A survey of 818 data intelligence, analytics, and infrastructure decision makers conducted by the Futurum Group finds there has been a shift in the objectives teams are prioritizing that focuses more on driving new business opportunities, meeting financial goals and completing projects.
At the same time, there appears to have been a decline in building artificial intelligence (AI) capabilities and efforts to ensure data is trusted. Building AI capabilities (24%) and increasing trust in data (18%) are still the top objectives, but each declined 6% and 7%, respectively, in the past six months.

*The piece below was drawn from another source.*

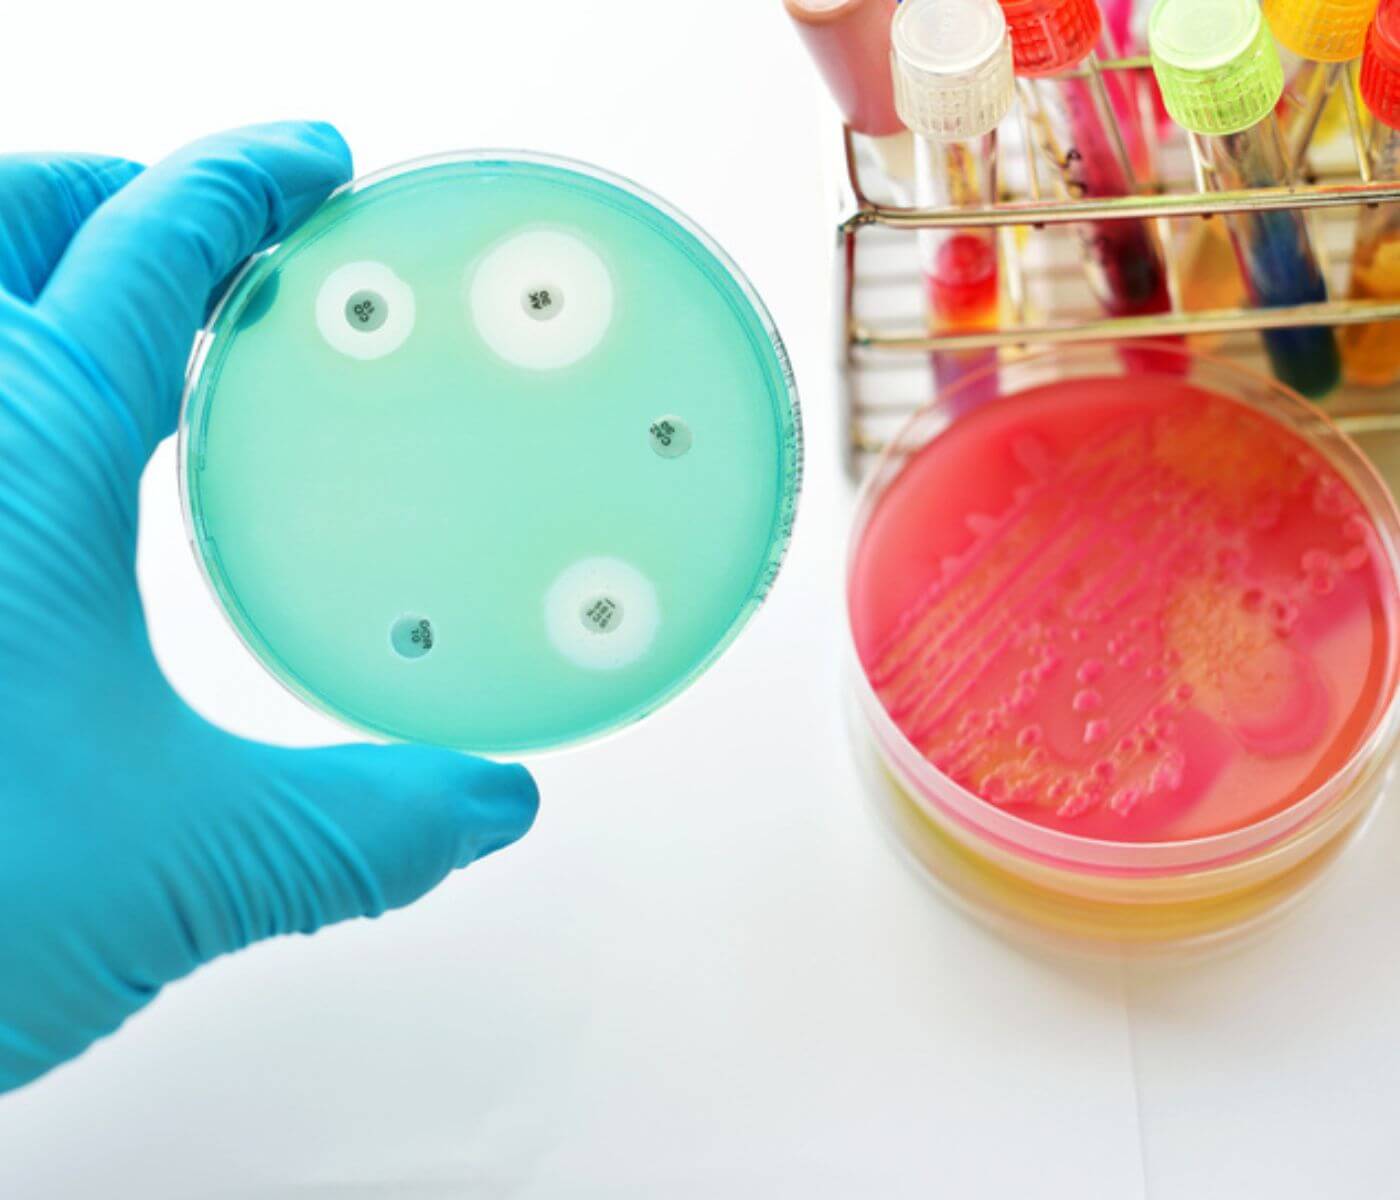 البكتيريا المقاومة للمضادات الحيوية عالية الإستخدام لا تزال دائمة في...

In comparison, there has been a 5% increase in the number of survey respondents (17%) who cited driving new business opportunities as their most important business objective, followed by meeting financial goals (15%) and completing projects (13%).
The survey suggests the pendulum is now swinging from aspirational architecture to pragmatic delivery, says Brad Simmins, vice president and practice lead for data intelligence, analytics, and infrastructure at the Futurum Group. For example, trust is no longer being funded as its own independent project. Instead, governance is being forced to embed directly into active delivery pipelines, he added.
Overall, business unit leaders, rather than centralized IT, are steering the ship now, noted Simmins. They care about velocity, uptime, and monetizing data assets right now as data teams morph into profit centers, he noted. “Their metric for success is ‘what did we ship this quarter?’ instead of, ‘gosh, look how elegant our data model is,’” says Simmins.
In general, AI is still at the center of most new business and technology initiatives, but it’s also clear that organizations are finding it challenging to incorporate AI into existing workflows. Much of that challenge stems from a lack of data governance frameworks needed to incorporate probabilistic AI technologies into what are often deterministic business workflows that require tasks to be completed the same way each time. Many of those workflows may also need to be re-engineered altogether because they were initially designed for humans rather than AI agents.
Finally, organizations are increasingly experimenting with agentic AI workflows that will be used to realize new business opportunities, while at the same time trying to ensure they remain competitive as AI increasingly becomes a new set of table stakes required to remain relevant.
Regardless of motivation, pressure to realize a return on AI investment is running high as the cost of implementing AI at scale becomes more apparent. While there may not be as much anxiety about the fear of missing out should rivals incorporate AI into workflows faster, there is increased focus on identifying a smaller number of AI initiatives that will deliver business value sooner rather than later. As a result, there is now more focus on both improving the quality of the data needed to drive those initiatives and the controls needed to ensure that AI agents don’t exceed the scope of the mission assigned. After all, it may only take one AI agent to create an incident that negates any of the business value that might otherwise have been derived.
At this juncture, it’s not so much a question of whether to use AI, but rather which initiatives enable an organization to simply remain competitive versus the ones that provide a true competitive advantage that can be quickly realized.